**PROMPT:** From the line containing "Foto 9 : Duplex/Penthouse" to the line containing "Les Terrines Marines" in the records below, set down every line exactly as it stands, both ends included, and skip the pictures.

**MATERIAL PROVIDED:**
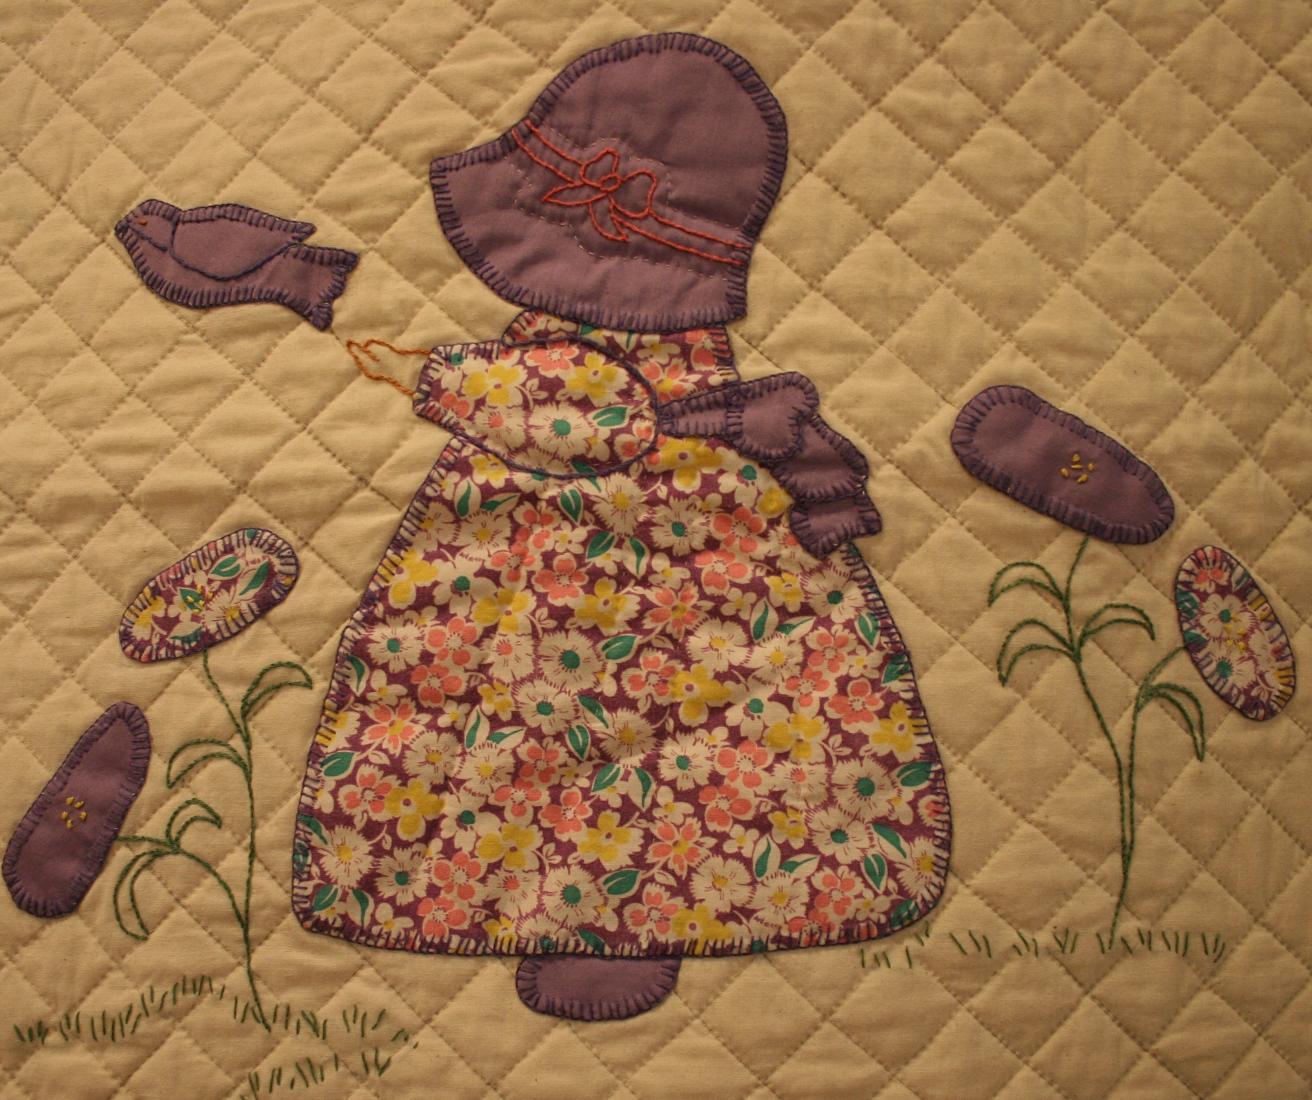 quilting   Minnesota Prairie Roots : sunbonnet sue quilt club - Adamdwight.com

---

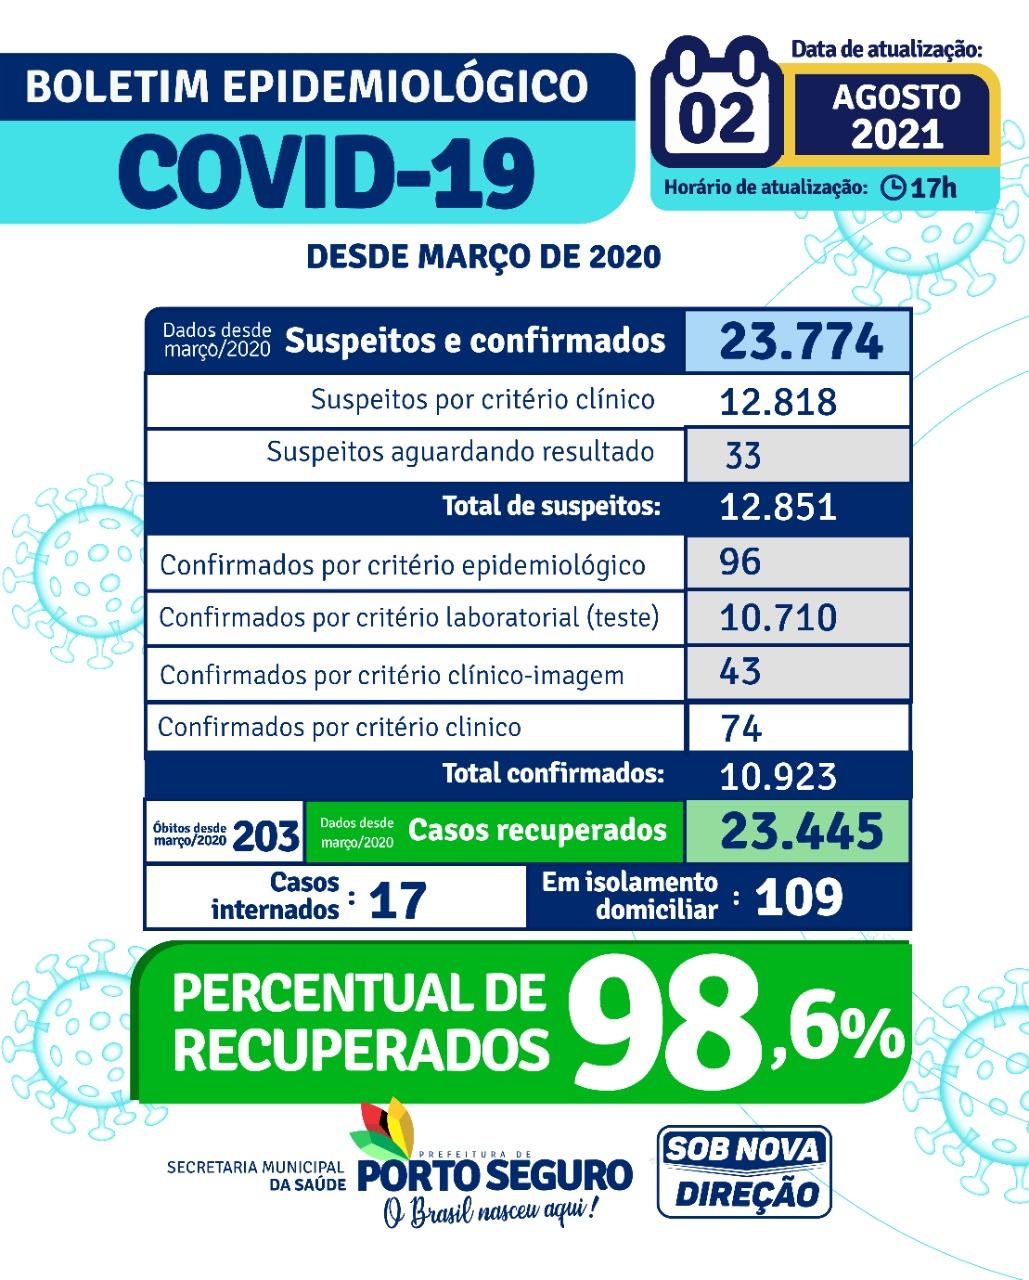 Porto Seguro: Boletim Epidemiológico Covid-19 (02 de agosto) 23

--

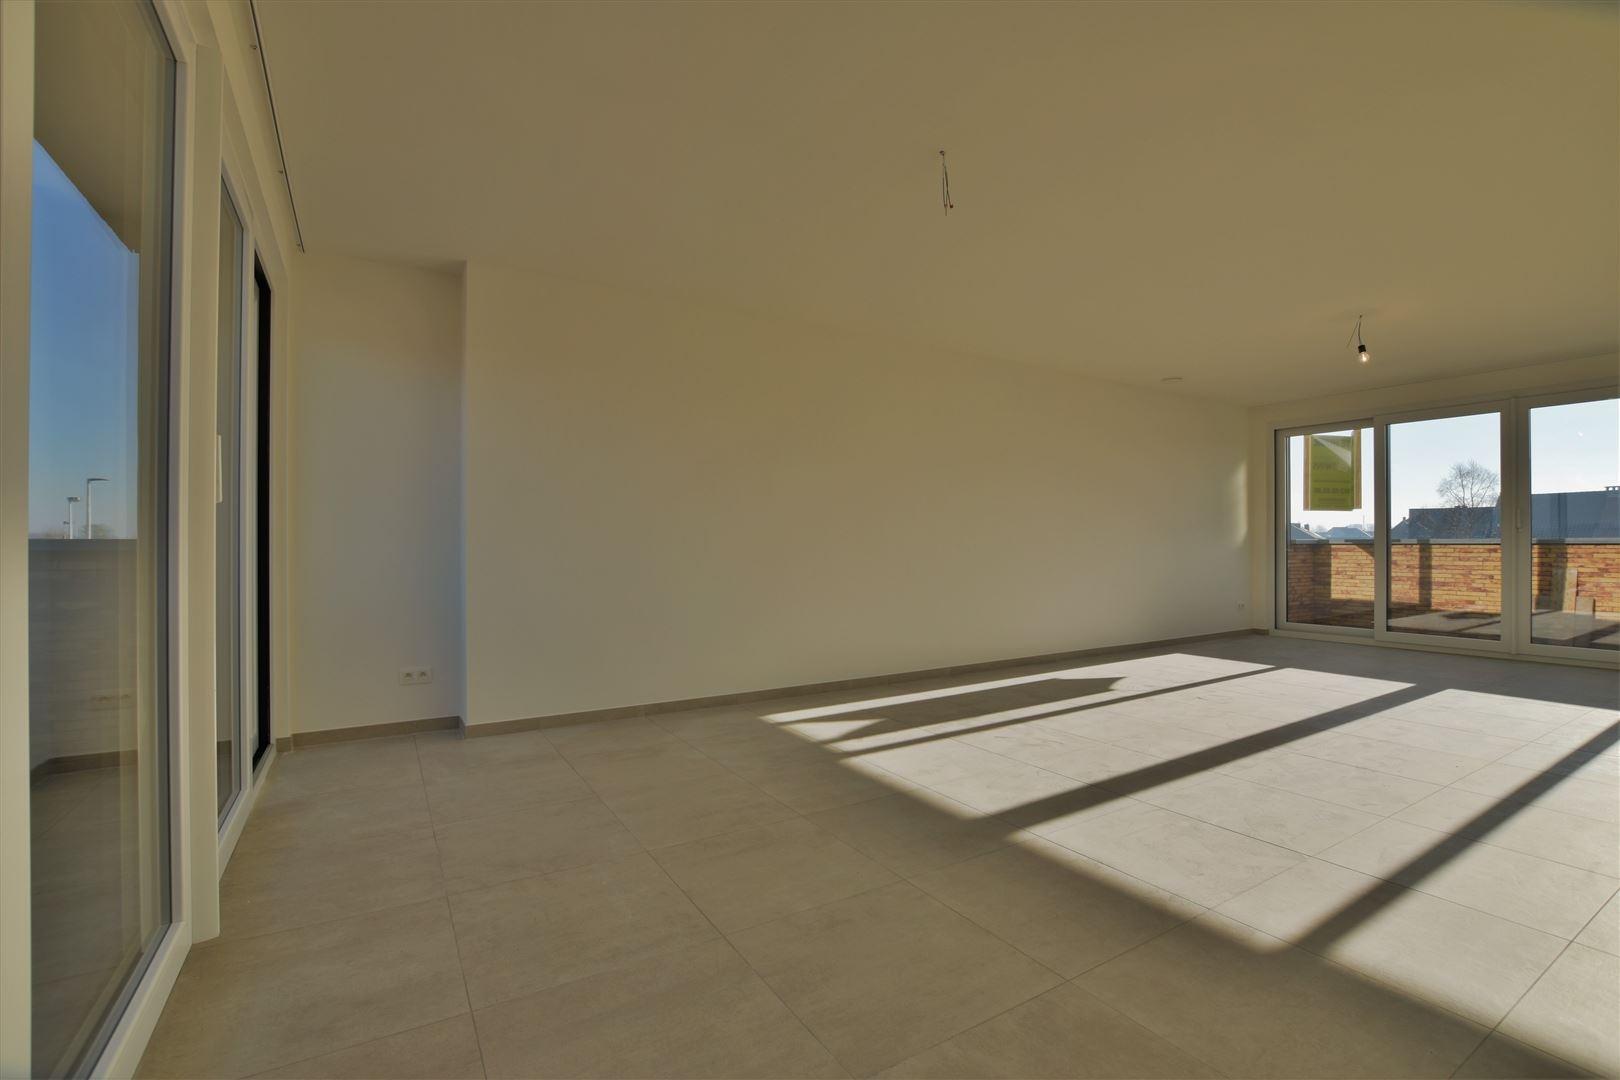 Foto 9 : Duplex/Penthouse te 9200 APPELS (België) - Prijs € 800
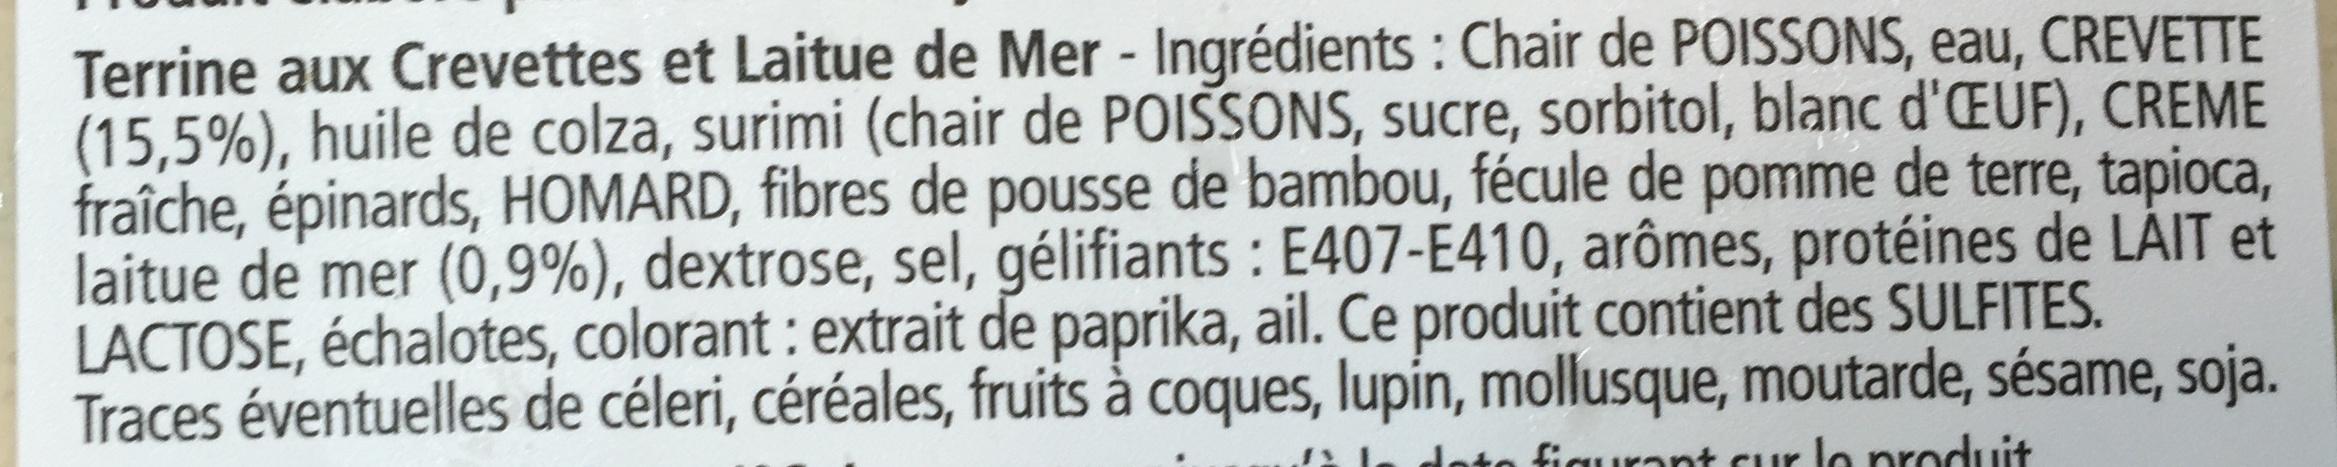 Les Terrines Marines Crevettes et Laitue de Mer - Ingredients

**WRITTEN SOLUTION:**
 Foto 9 : Duplex/Penthouse te 9200 APPELS (België) - Prijs € 800
 Les Terrines Marines Crevettes et Laitue de Mer - Ingredients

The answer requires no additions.